The Smollett Catastrophe

On January 29, 2019, actor Jussie Smollett — then a cast member on the Fox television series Empire — reported to Chicago police that he had been attacked at 2:00 a.m. in the Streeterville neighborhood by two men who shouted racial and homophobic slurs, poured a chemical substance on him, and placed a noose around his neck. The attackers, he claimed, had shouted “This is MAGA country.” The story was extraordinary, and it was treated as such. Within hours, every major news outlet in America was covering it. ABC News, CBS News, NBC News, CNN, MSNBC — every anchor, every correspondent, every panel delivered the story with the gravity it appeared to deserve. Democratic presidential candidates issued statements. Kamala Harris called it “a modern-day lynching.” Cory Booker used the same phrase. The story was shared millions of times across social media with hashtags of solidarity.

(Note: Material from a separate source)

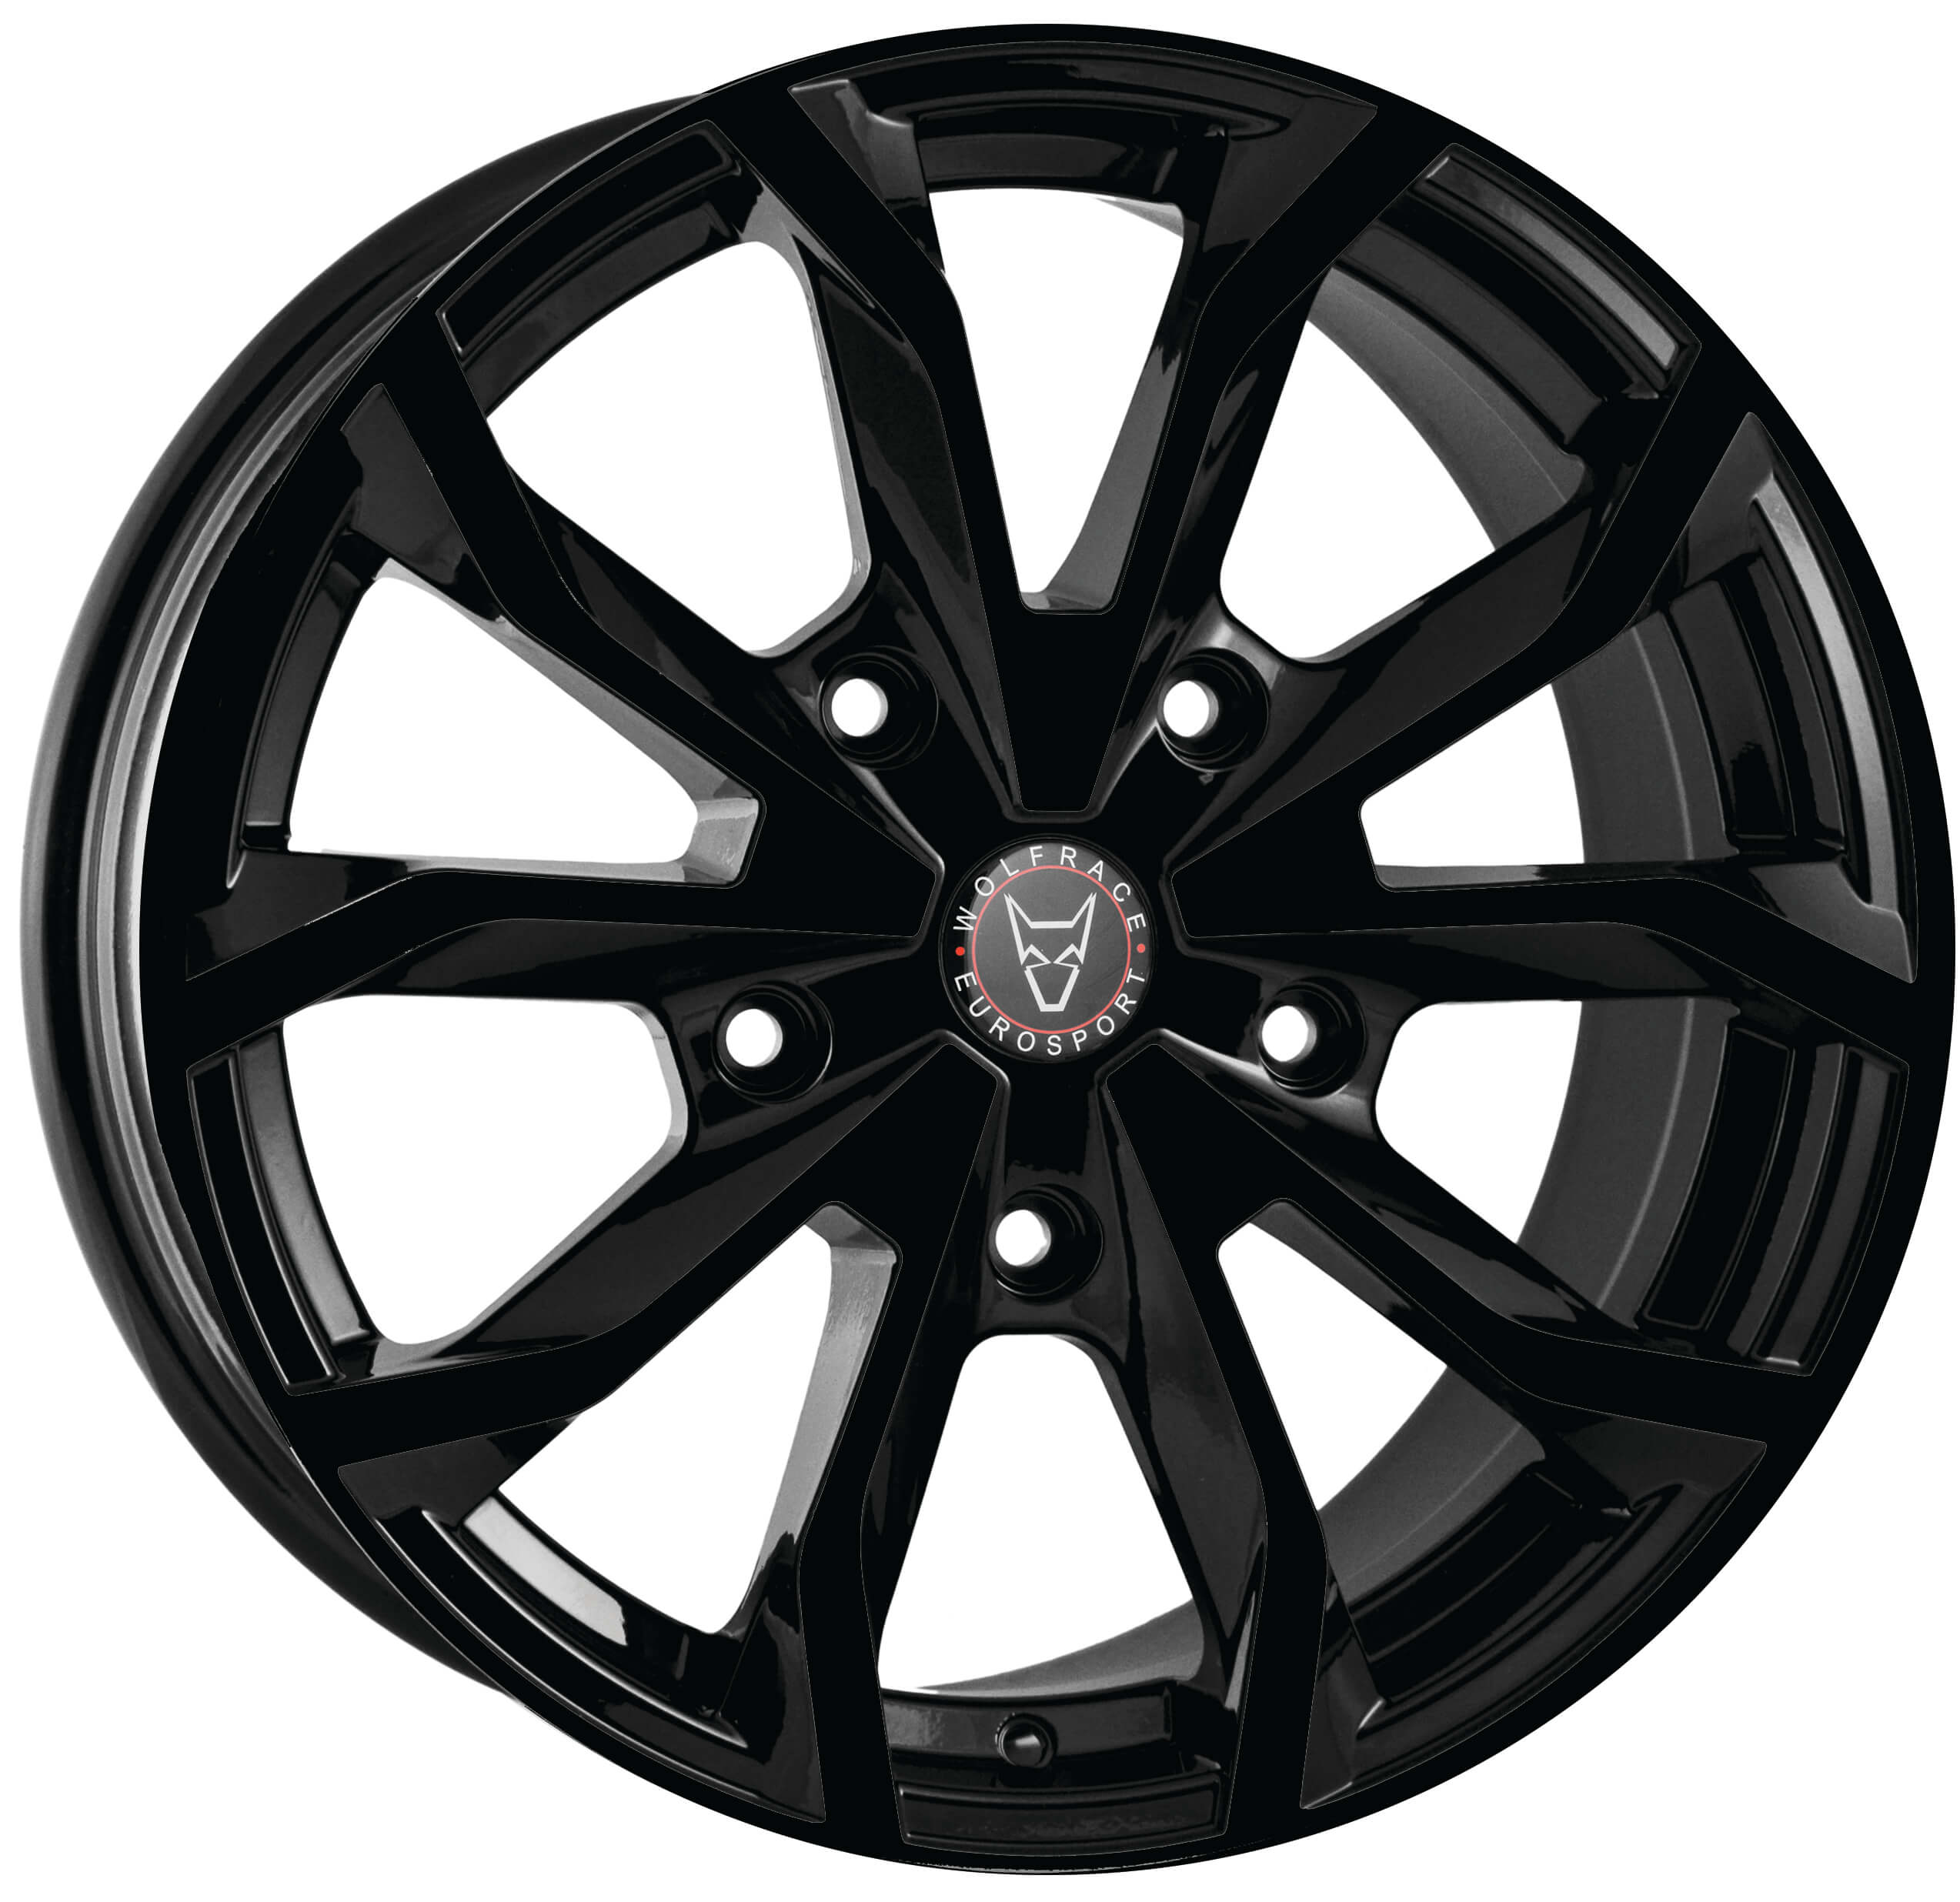 Wolfrace Eurosport - Assassin TRS (Gloss Black)
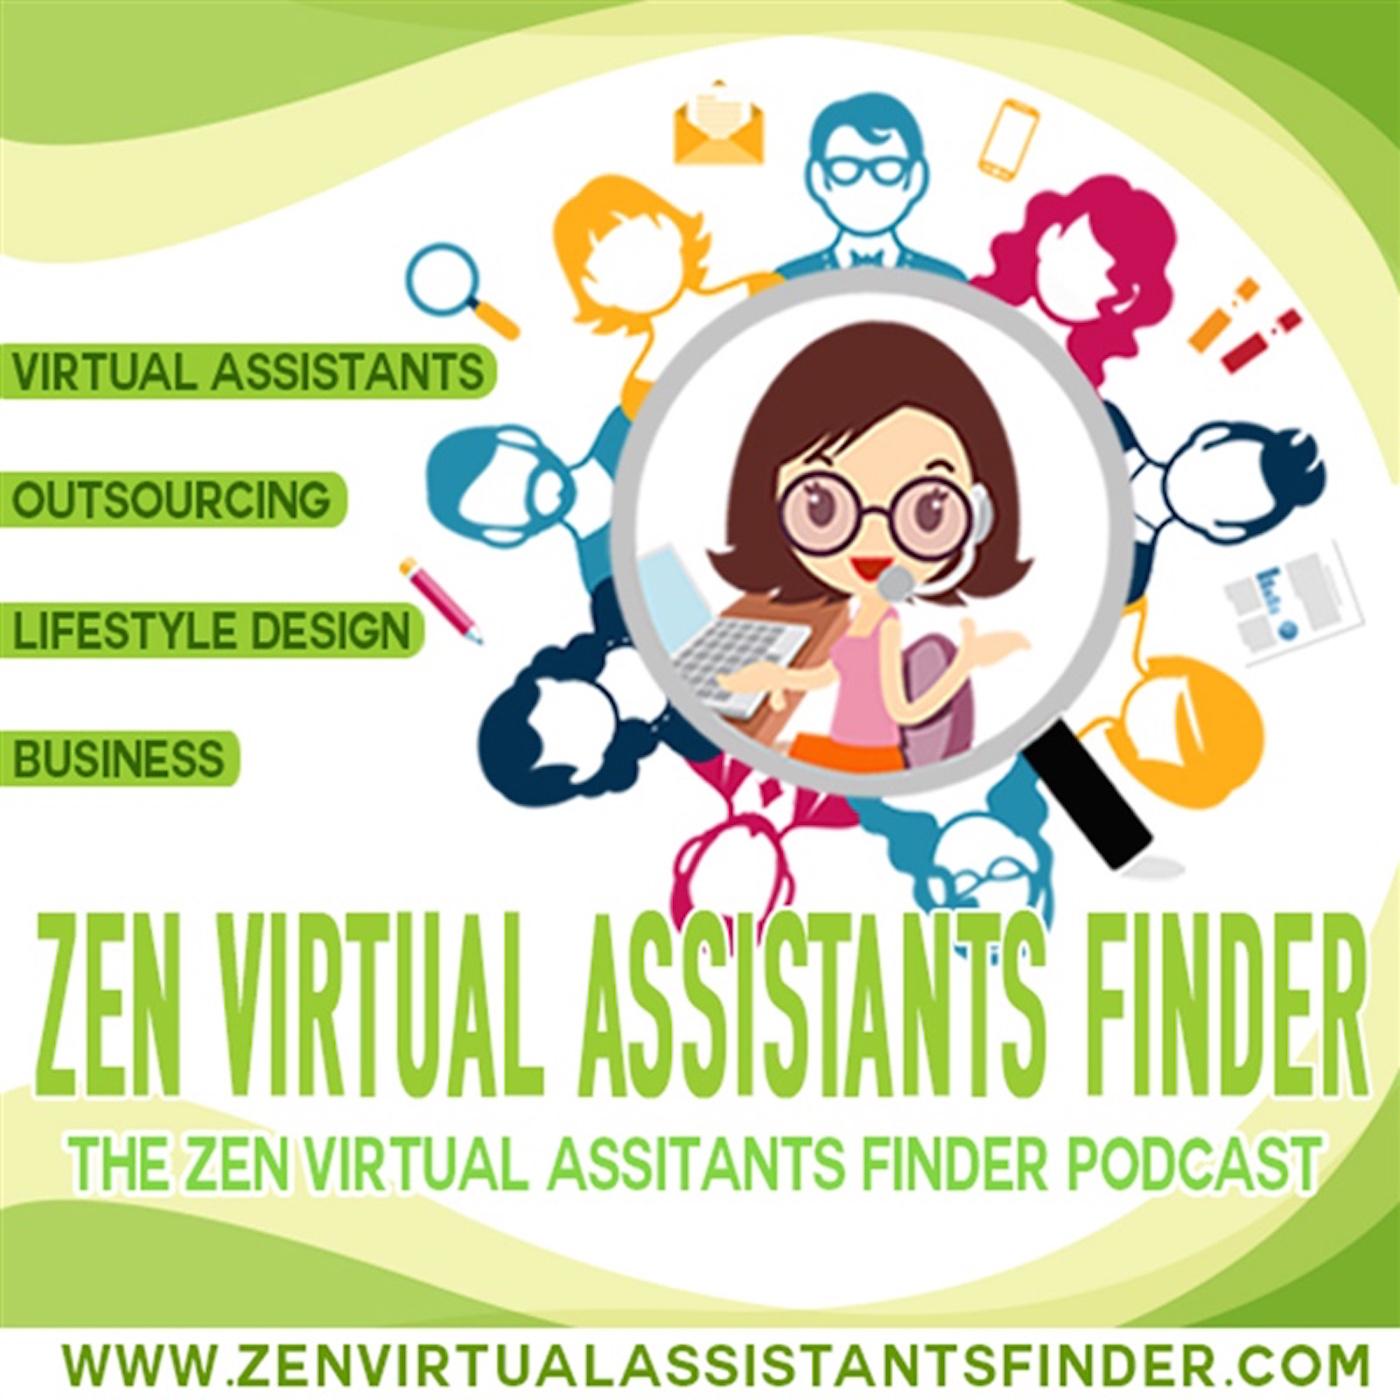 Zen Virtual Assistants Finder Podcast: Virtual Assistants | Outsourcing | LifeStyle Design | Business show art

Three weeks later, it collapsed. Chicago police determined that Smollett had paid two Nigerian brothers, Abimbola and Olabinjo Osundairo, $3,500 to stage the attack. He had orchestrated the entire event — the slurs, the bleach, the noose — as a publicity stunt to raise his public profile and leverage a salary increase. In December 2021, a jury convicted him on five of six counts of disorderly conduct for filing false police reports. He was sentenced to 150 days in jail and 30 months of felony probation.

People of the State of Illinois v. Jussie Smollett, Case No. 20 CR 03050-01 (Cook County Circuit Court, December 9, 2021). Guilty verdict on five counts of disorderly conduct (false reporting).

The retraction coverage was a fraction of the original coverage. A study by the Media Research Center found that ABC, CBS, and NBC devoted nearly four times more coverage to the initial allegations than to the revelation that they were fabricated. The imbalance is not surprising. False allegations are, by their nature, less dramatic than the original story, and media organizations have no financial incentive to dwell on their own credulity. But the damage was done. Every person in America who had been skeptical of hate crime reports now had their skepticism validated. Every person who had been inclined to believe victims now had a reason to hesitate. And somewhere in Aurora, Colorado, a twenty-three-year-old violinist was dead, and nobody was talking about it.

When a man manufactures a lynching for his career, he does not only lie about himself. He steals credibility from every Black person who will ever tell the truth about what happened to them.

The Pattern of Fabrication

Smollett was not an isolated case. He was the most famous case in a pattern that has been documented with uncomfortable thoroughness. Wilfred Reilly, a political scientist at Kentucky State University — himself a Black man — published Hate Crime Hoax in 2019, in which he examined 409 hate crime cases that had received significant media attention. His finding: a substantial number of these cases were confirmed or likely hoaxes — fabricated incidents reported as real, amplified by media, and often not corrected with equivalent prominence when the truth emerged.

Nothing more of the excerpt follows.